La Corte d’appello, nel far luogo alla reiezione del gravame proposto dall’imputato, ha preliminarmente dichiarato infondata l’eccezione di nullità sollevata dal difensore per la mancata citazione dell’INAIL ad iniziativa del P.M., a norma del Decreto Legislativo n. 81 del 2008, art. 61, sul rilievo che l’intervento dell’Istituto nel giudizio penale in veste di parte civile, resta eventuale, tuttalpiù potendo dar luogo l’omissione ad una mera irregolarità in relazione alla quale la difesa dell’imputato era priva di interesse. Ed ha altresì ribadito la sussistenza della penale responsabilità dell’imputato sul rilievo che il dipendente infortunatosi non indossava il guanto di protezione al momento del fatto, ciò rilevando agli effetti del concorso di colpa, ma non valendo ad esentare da responsabilità l’imputato che aveva fornito al dipendente un guanto inadeguato, per dimensioni, rispetto alla mano del (Omissis).

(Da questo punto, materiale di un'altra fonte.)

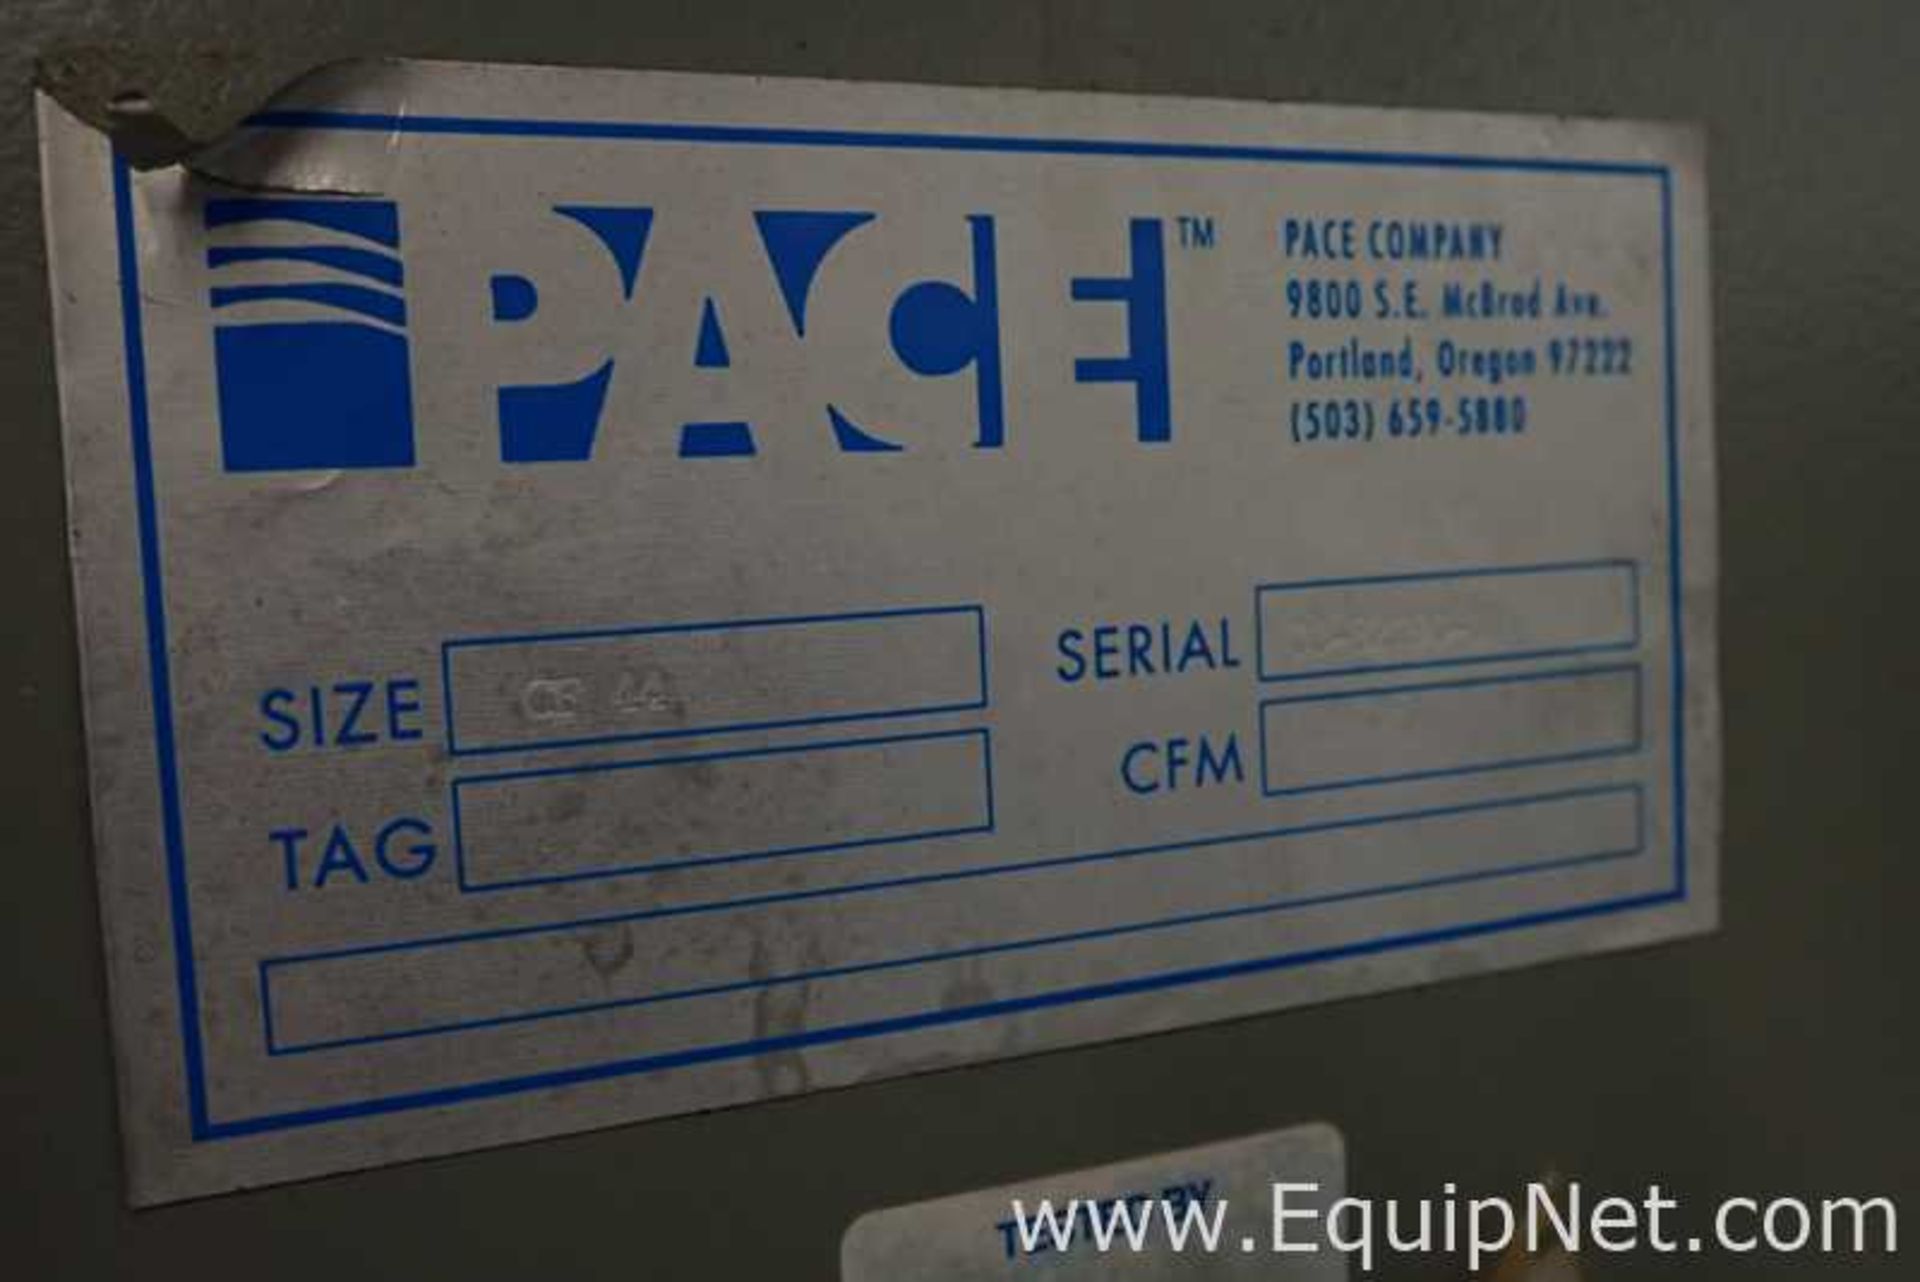 Pace Company CF-44 General Air Handler Fan and Motor 40,000 CFM 6.00 SP 1165 - Image 24 of 26

Ricorre per l’annullamento della sentenza l’imputato, per tramite del difensore, articolando tre distinti motivi, così sintetizzati.
Con la prima doglianza denunzia la difesa il vizio di inosservanza di norme processuali stabilite a pena di nullità, non integrando la violazione, già dedotta in atto d’appello, del Decreto Legislativo n. 81 del 2008, art. 61, comma 1, un caso di mera irregolarità, contrariamente agli assunti della Corte distrettuale, ma una nullità di ordine generale a regime intermedio ex art. 178, lettera c, e art. 180 dello stesso codice, tempestivamente dedotta dal ricorrente,anche con il conforto della giurisprudenza di legittimità.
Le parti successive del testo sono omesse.